Cache locality is critical for the performance of programs. Many algorithms have been proposed to increase the cache locality, aiming for a better throughput on programs. However, the procedure of locality improvement is not always painless - sometimes the drawback might even overpower the benefits and lower the overall performance. In my thesis, “Improving relocation performance in ZGC by identifying the size of small objects”, I analyzed the drawbacks of one locality improvement algorithm, HCSGC, and proposed relocation improvement to mitigate that.
The importance of cache locality: why and when
You might already know that the memory has a significantly slower speed compared to the CPU cache. Making things worse, any data stored in memory needs to load to the cache before being processed by the CPU. Every memory fetch has a fixed size (the size of the cache line, normally 64 bytes), making it possible to load several small objects at once. Placing objects that tend to be accessed together in the same cache line could lead to good cache locality. By doing so, we could load objects with fewer memory operations, which results in better performance.
Consider three tiny objects, A, B, and C, which will be accessed in order. We get the worst cache locality when all three objects fall into different cache lines. In this case, three memory accesses are required to get all these objects. With better locality, these objects might fall in the same cache line and thus can be loaded at once. There is a possibility that they fall in adjacent cache lines, but we can still get a good performance close to the previous case with the existence of the hardware prefetcher. The next-line hardware prefetcher, which is enabled most times, will automatically fetch the next cache lines whenever memory access happens. As a result, better locality for tiny objects is likely to lead to better performance.

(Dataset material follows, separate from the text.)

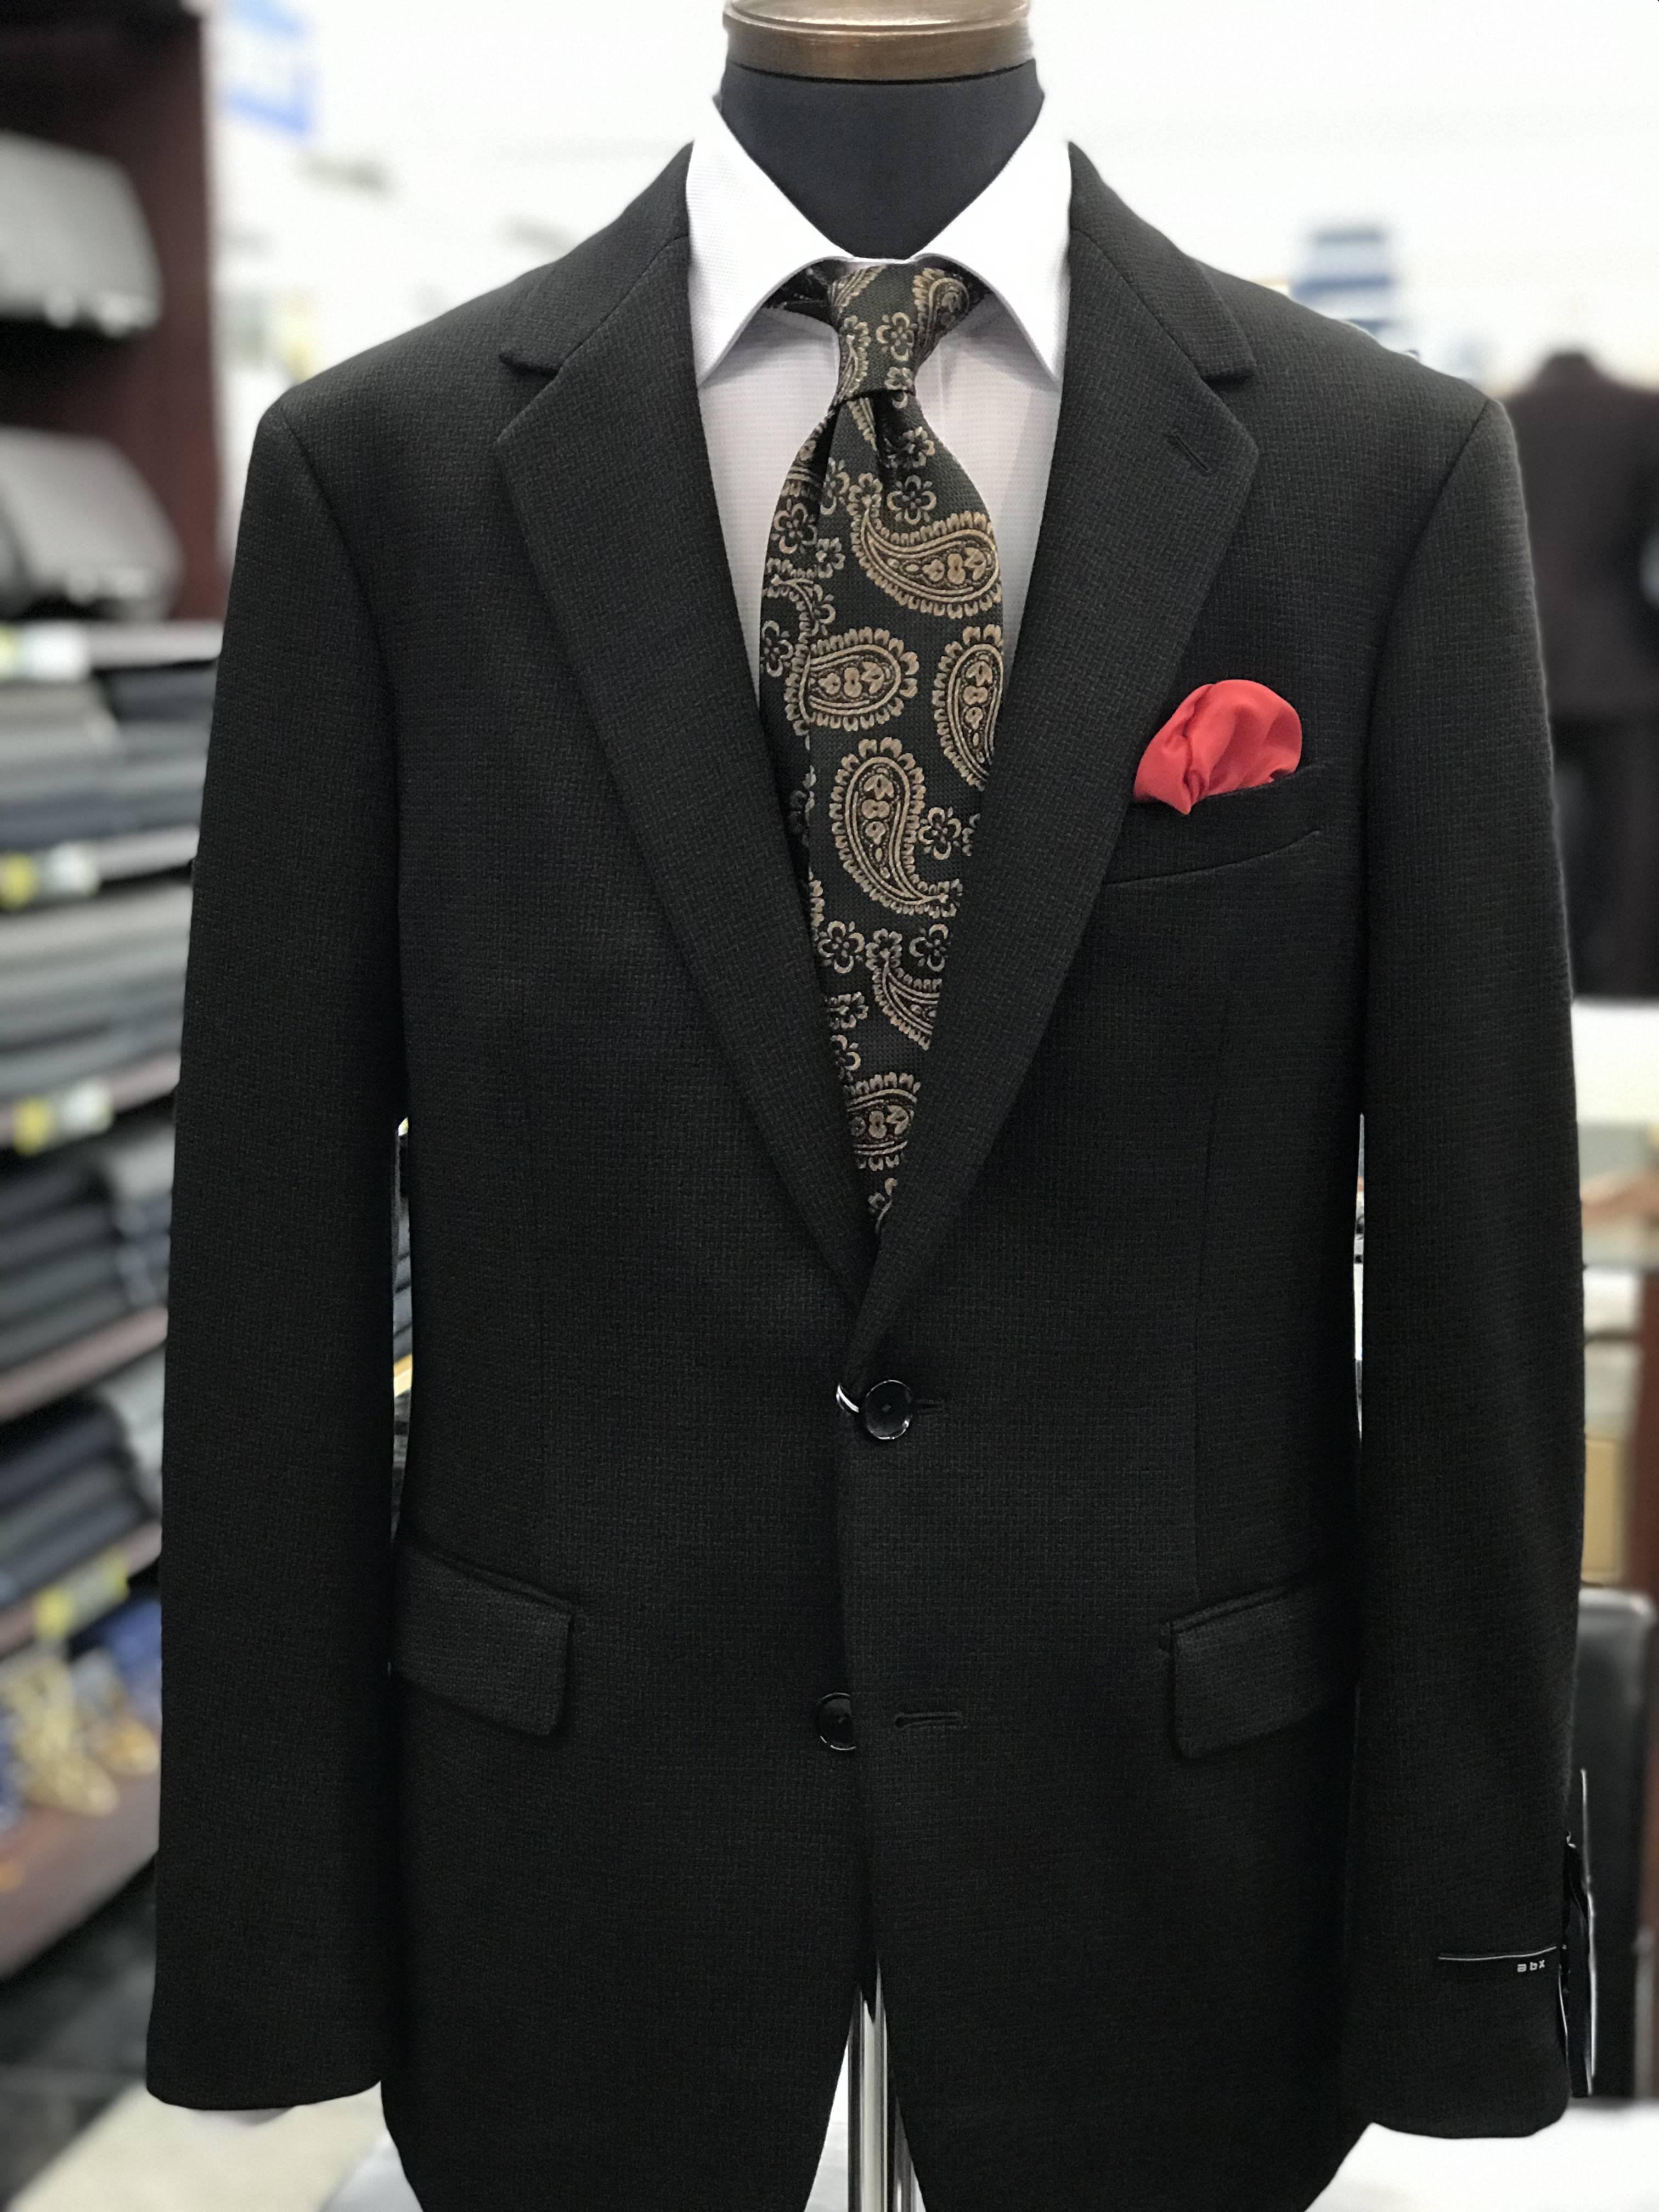 abxのニット生地スーツ

You won’t get benefits when putting large objects together. Now consider we have a larger B, an array with 128 integers in this case, which will take more than 500 bytes of memory thus cannot be placed in a single cache line. These three objects will be accessed in a similar way, A, B[50], C. The best and worst locality are shown in the upper and lower image respectively. Since B[50] is far from both boundaries of B, no matter how close we put these three objects, we need three memory accesses to get the three objects.
Improve the cache locality: method and drawbacks
Now we know the cache locality is important for small objects. The key point of improving the cache locality is to find objects that will be accessed together, or in other words, get the access pattern of objects.
How does ZGC work
Before getting deep into cache locality, let’s quickly go through some basic ideas of ZGC. ZGC has three different sizes of pages, named the small, medium, and large page. Objects are placed on different pages based on their sizes.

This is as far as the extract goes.